The equations are correct. This is just a system of equations. You already have one variable expressed in therms of another. Now you only have to substitute that expression in the second equation and solve it. It will be a quadratic equation, when you clean it up.

Remember that one of the solutions to the quadratic won't make sense and you should throw away that term.

velox_xox said:
Hi everyone! This time I have a lesson on word problems, and that is probably my absolute weakest point in math. (In fact, as I write, I'm puzzling over several different problems, but here is the one I'll post for now.)

## Homework Statement

Members of the Computer Club were assessed equal amounts to raise $1200 to buy some software.
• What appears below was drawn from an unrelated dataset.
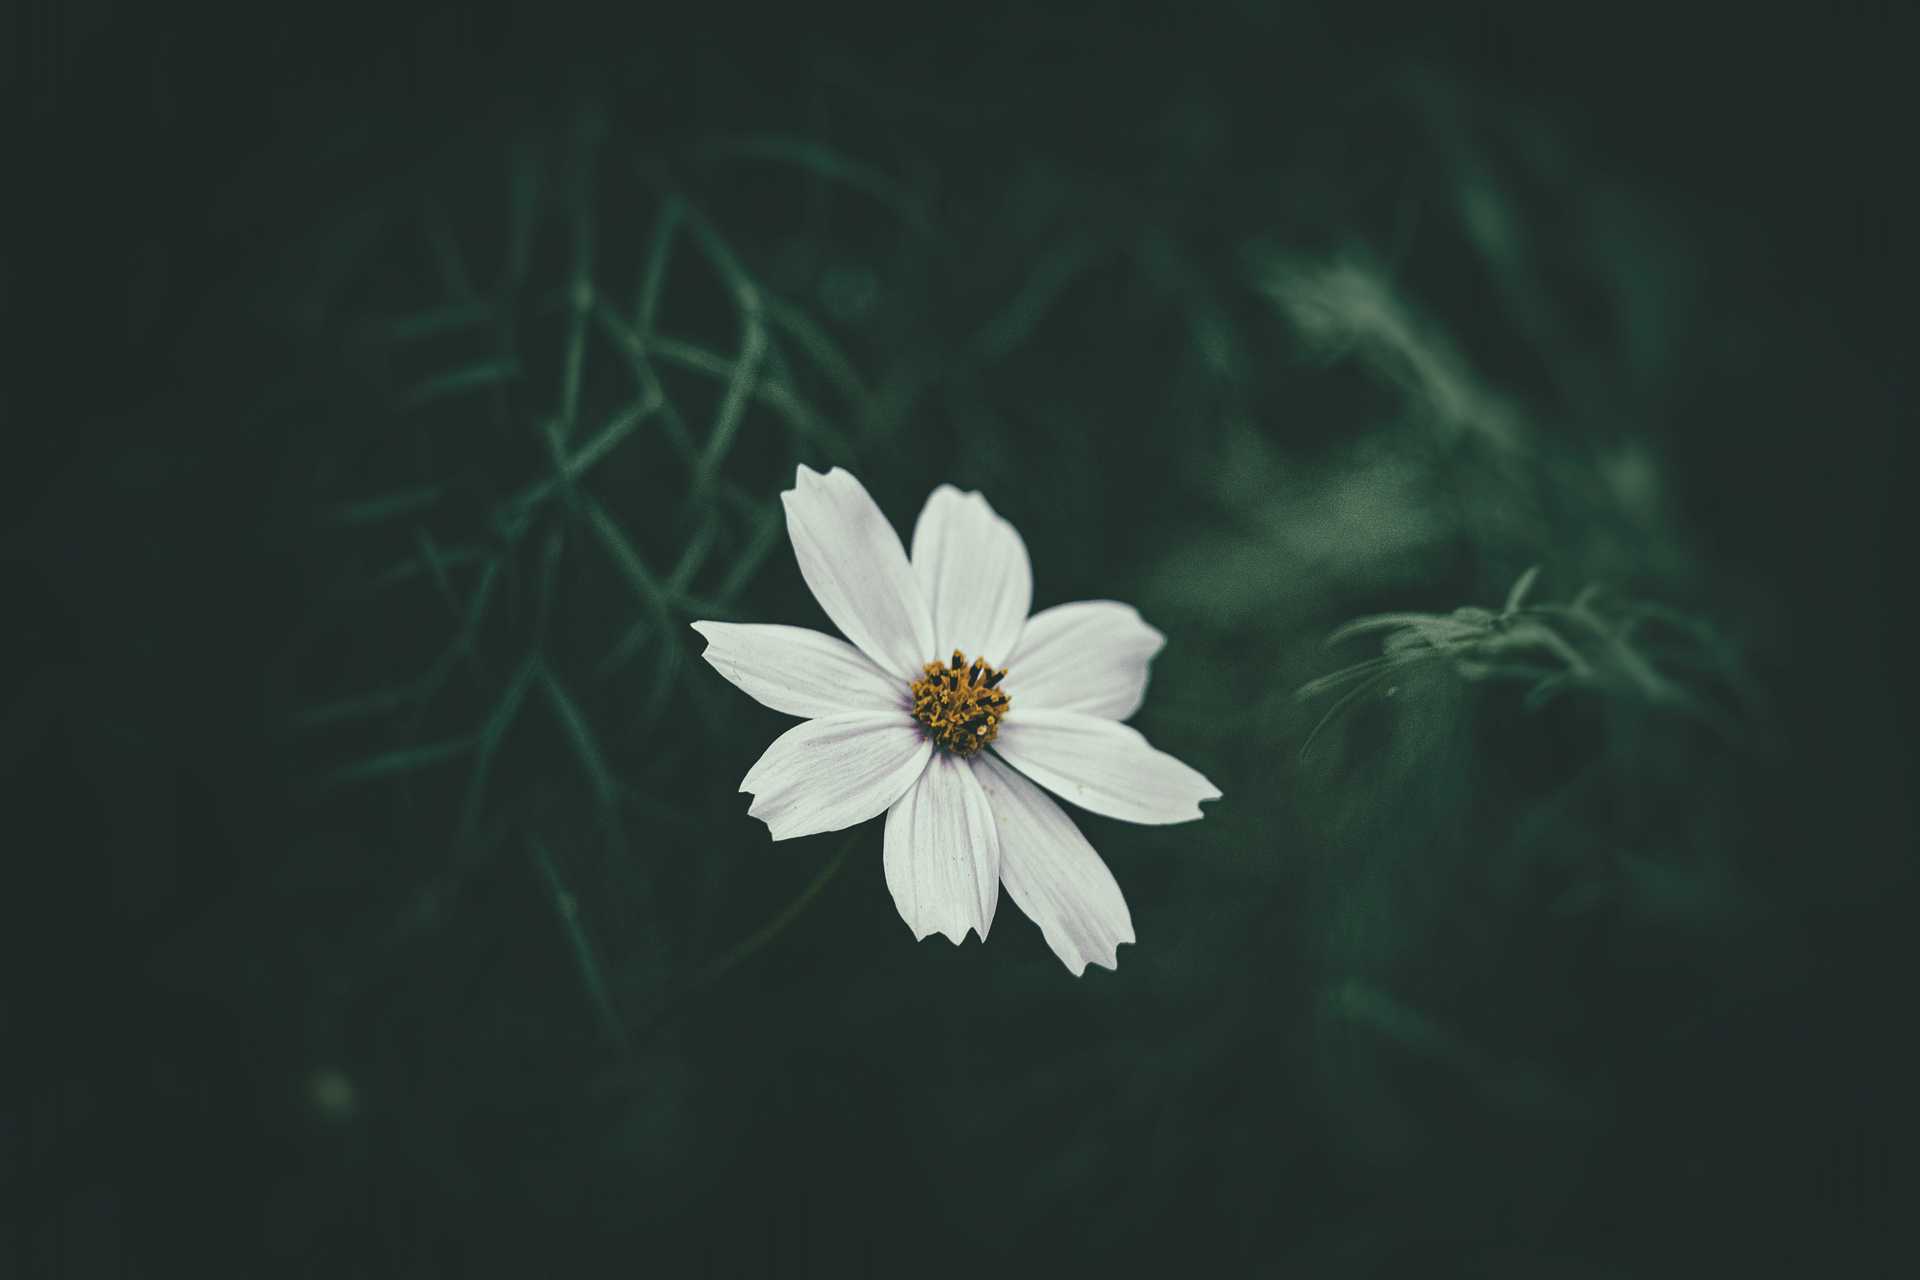 Ten uroczy obrazek przedstawia mały, biały kwiatuszek rosnący w pięknym, przydomowym ogrodzie. Kwiat ten ma delikatne płatki o kremowej barwie i małe, żółte środkowe części, które dodają mu uroku i elegancji. Widać na nim, że kwiat ten rośnie na niewielkim łóżku kwiatowym, otoczonym różnorodną roślinnością i kamieniami, co tworzy piękną, naturalną kompozycję. Ta urocza aranżacja będzie doskonałym dodatkiem do każdego ogrodu, który potrzebuje dodatkowego uroku i koloru. Ten obrazek to doskonałe źródło inspiracji dla tych, którzy chcą ozdobić swój ogród pięknymi i uroczymi kwiatami oraz cieszyć się pięknem natury każdego dnia.

When 8 new members joined, the per-member assessment was reduced by$7.50. What was the new size of the club?

--

## The Attempt at a Solution

I understand what it is asking for, and the information provided. My problem with word problems is translating the facts into a formula.

I assigned d = dollars and m = the number of members

The original amount of members and dollars would be:

$$\frac{1200}{m} = d$$
Excellent! And that is the same as 1200= md

Then, with the new members:
$$\frac{1200}{m + 8} = d - 7.5$$
Good. So 1200= (m+8)(d- 7.5)= md+ 8d- 7.5m- 60= 1200+ 8d- 7.5m- 60
which reduces to 8d- 7.5m= 60. You can solve that for d (or m) and put that into 1200= md.

This is my attempt. I'm not confident that I set the formula up correctly or how to solve it if it is correct. I could use some hints right about now. Please and thank you!

Ah ha ha! My math instincts aren't quite there yet. I thought it might be a system of equations, and even got as far as $8d- 7.5m= 60$ but I second guessed it and tossed that idea out. Going with it then, I think I'm doing the math wrong.

So, for starters, if I'm expressing 'd' in terms of 'm' is this correct: $d =\frac {7.5m + 60}{8}$

Or, expressing 'm' in terms of 'd' would be: $d =\frac {-8d + 60}{7.5}$

Are both of those correct? And you plug them back in for $1200 = md$ When I do that, I get a huge quadratic equation that is confusing to solve, such as $8d^2 -60d + 9000$

I also forgot to include the answer. Sorry, it's proof I was frazzled working on all those word problems! (I'll go back and edit it.) The answer is 40 members [of the new club].

First, I can see no point in reducing to an equation for "d" because you don't need to know d to answer the question- it asks for the number of people in the club, not how much each has to pay.
The second equation has a typo- you mean
$$m= \frac{-8d+ 60}{7.5}$$
Yes, both are correct. Now, combine the first, where you solved for d, with 1200= md so you have
$$1200= m\frac{7.5m+ 60}{8}$$

Multiplying both sides by 8, $9600= 7.5m^2+ 60m$ or $7.5m^2+ 60m- 9600= 0$. If you don't like fractions, you can multiply both sides by 2 to get $15m^2+ 120m- 19200= 0$. Dividing through by 5 gives $3m^2+ 24m-3840= 0$ and then dividing by 3, $m^2+ 8m- 1280= 0$.

Solve that using the quadratic formula. Don't forget that the problem asks for the number of people in the new club- m+ 8.

@HallsofIvy: Well, technically, it would be adding an extra step, but I could solve for 'd' first and then use that to find 'm', right?

So factoring out, $7.5m^2 +60m−9600=0$, I got $(1.5m - 48)(5m + 200)$.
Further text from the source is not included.